Stage output directories typically contain:

File Name Contents
files/Directory containing any files created by this stage that were not considered volatile (temporary)
split/A special stage output directory for the step that divided this stage's input into parallel chunks
chnkN/A chunk output directory for the Nth parallel chunk executed
join/A special stage output directory for the step that recombined this stage's parallel output chunks into a single output dataset again
_completeA file that, when present, signifies that this stage has successfully completed
_errorsA file that, when present, signifies that this stage failed. Contains the errors that resulted in stage failure.
_invocationThe MRO call used to execute this stage by the Martian framework
_outsThe output files generated by this stage
_vdrkillA list of all of the volatile data (temporary files) removed during pipeline execution as well as total number of files and bytes deleted

Chunk output directories are a subset of stage output directories that, in addition to the aforementioned stage output, may contain:

File Name Contents
_argsThe arguments passed to the stage's stage code
_jobinfoMetadata describing the stage's execution, including performance metrics, job manager jobid and jobname, and process ID
_stdoutAny stage code output that was printed to the stdout stream
_stderrAny stage code output that was printed to the stderr stream

These metadata files should be treated as read-only, and altering the contents of metadata files is not recommended.

Navigating Pipestances

Pipestance output directories can demonstrate very complicated structures and the standard find command can quickly return high-level information about a pipestance.

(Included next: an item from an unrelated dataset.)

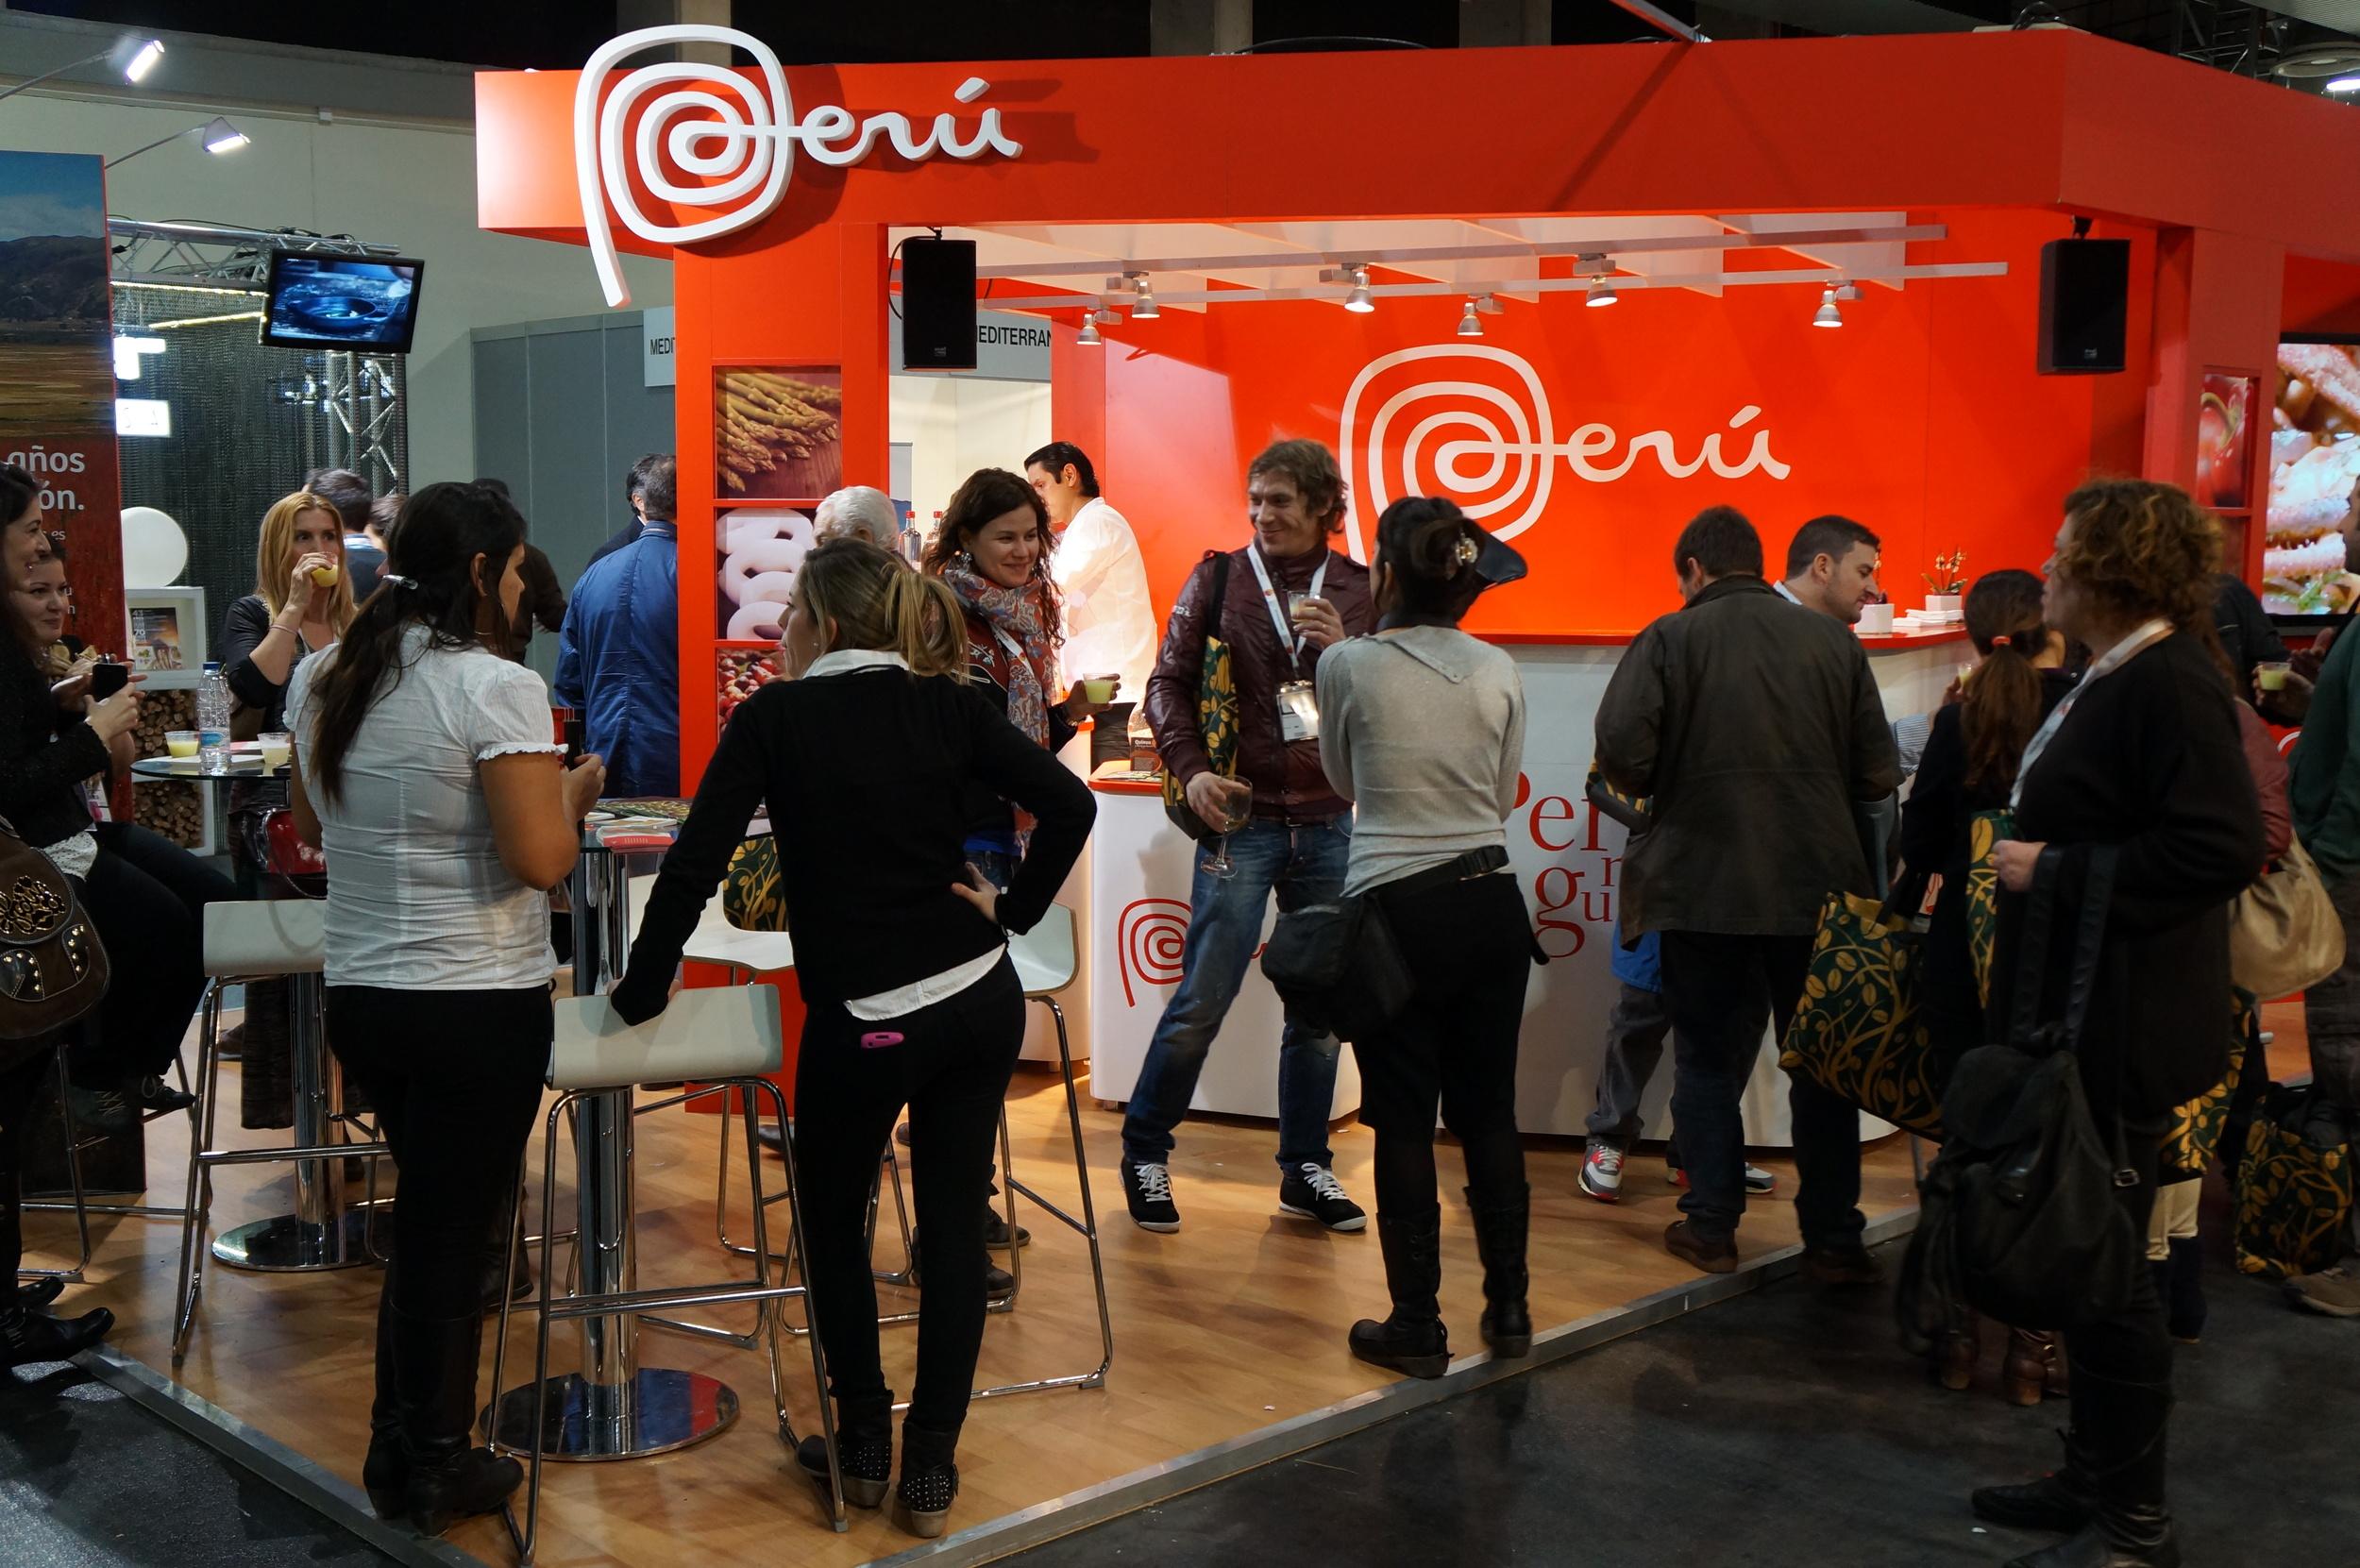 Perú y su cocina, uno de los infaltables hoy en los eventos gastronómicos del mundo.

For example, to find the stages that resulted in the overall failure of a pipestance whose output directory is sample345/,

$ find sample534/ -name _errors
sample345/ASSEMBLER_CS/_ASSEMBLER_PREP/_FASTQ_TO_FASTBQUALP/fork0/join/_errors

This tells us that the failed stage was _FASTQ_TO_FASTBQUALP which is a part of the _ASSEMBLER_PREP sub-pipeline. ASSEMBLER_CS is the parent pipeline.

It can be helpful to view all _errors files' contents at once by piping to xargs cat:

$ find sample534/ -name _errors | xargs cat
 
Traceback (most recent call last):
  File "/mnt/home/neil/src/supernova-1.0/martian-cs/2.0/adapters/python/main.py", line 20, in 
    martian.run("martian.module.main(args, outs)")
  File "/mnt/home/neil/src/supernova-1.0/martian-cs/2.0/adapters/python/martian.py", line 417, in run
    exec(cmd, __main__.__dict__, __main__.__dict__)
  File "", line 1, in 
  File "/mnt/home/neil/src/supernova-1.0/supernova-cs/1.0/mro/stages/denovo/df/__init__.py", line 47, in main
    df_command = ['DF', 'LR_SELECT_FRAC={:f}'.format(select_fracs), 'LR='+args.reads,
KeyError: 0

In the above case, the error is an unhandled exception whose cause is not obvious; these sorts of failures should be reported to the 10x software support team for assistance with diagnosis.

Stages such as _ASSEMBLER_DF and _ASSEMBLER_CP that run external binaries often generate output to their stdout and stderr streams. These messages are captured in the _stdout and _stderr metadata files within the chunk output directories, and combining find and xargs cat to examine their contents can also assist with troubleshooting.